Testifying in a closely watched trial over the future of the artificial intelligence pioneer, Musk said he envisioned OpenAI as a nonprofit bulwark against the concentrated power of big tech, not a vehicle for private enrichment. He told the court he proposed the concept, coined the name, recruited early talent and bankrolled the initial phase of the organisation.
Musk argued that co-founder Sam Altman and president Greg Brockman ultimately abandoned that founding vision. In his account, OpenAI’s transformation into a powerful, profit-oriented enterprise represented not just a personal betrayal but a broader threat to public trust in philanthropy.
“If we make it OK to loot a charity, the entire foundation of charitable giving in America will be destroyed,” Musk said, insisting that OpenAI was “specifically meant to be for a charity that does not benefit any individual person.”
OpenAI’s legal team painted a starkly different picture. They contended that Musk himself had once advocated for a for-profit structure to secure the vast capital required for cutting-edge AI research, and that his lawsuit emerged only after he failed to gain control over the organisation’s direction.
“What he cares about is Elon Musk being on top,” one OpenAI lawyer told the court, arguing that the dispute is rooted less in principle than in power and influence over a transformative technology.

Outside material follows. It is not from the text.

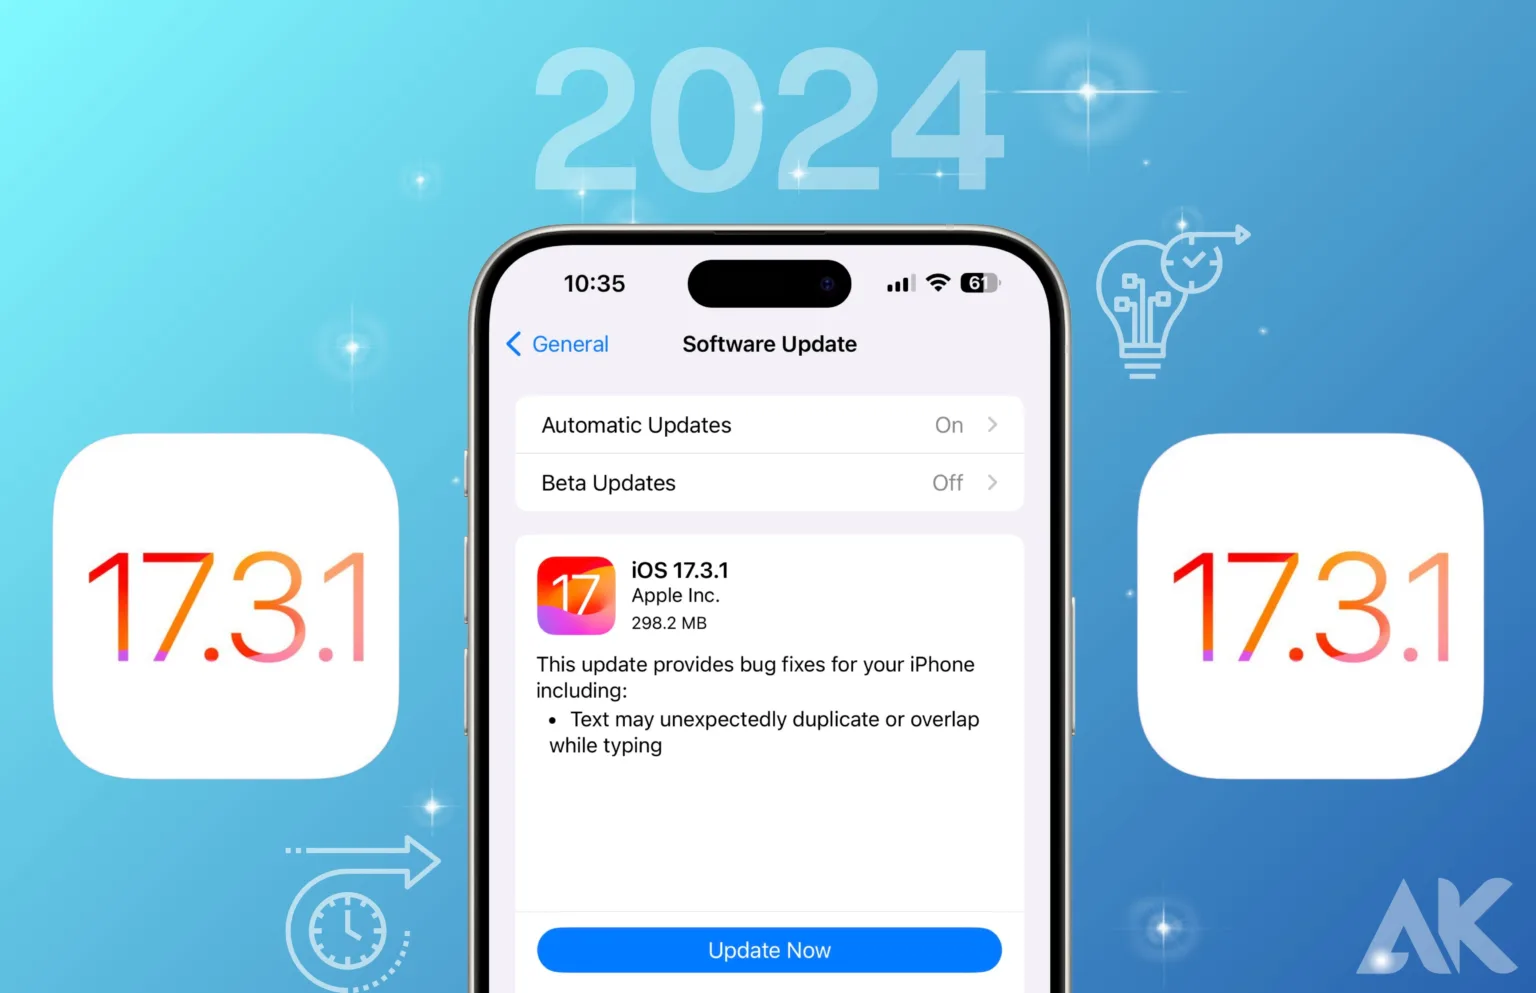 Apple iOS 17.3.1 Beta – A Glimpse into the Future in 2024

Musk’s lawyers countered that the decisive break came as OpenAI attracted major outside investment, particularly from Microsoft. They said the influx of money shifted the leadership’s priorities toward commercial gain, undermining the original nonprofit charter and public-benefit mission.
The billionaire is seeking roughly 150 billion dollars in damages and wants OpenAI reoriented as a true nonprofit, with Altman and Brockman removed from leadership. Musk has said any financial award would be directed to OpenAI’s charitable arm rather than to him personally.
The case, overseen by Judge Yvonne Gonzalez Rogers, has also spilled into the online arena. She cautioned Musk over his social media attacks on Altman, prompting both men to agree to curb public commentary while proceedings continue.
Beyond the courtroom drama, the trial has become a proxy battle over the soul of the AI industry: whether frontier systems should be governed primarily as public infrastructure or as commercial products. With OpenAI expanding rapidly, drawing heavy investment and exploring new corporate structures, the outcome could shape how future AI powerhouses balance profit with responsibility.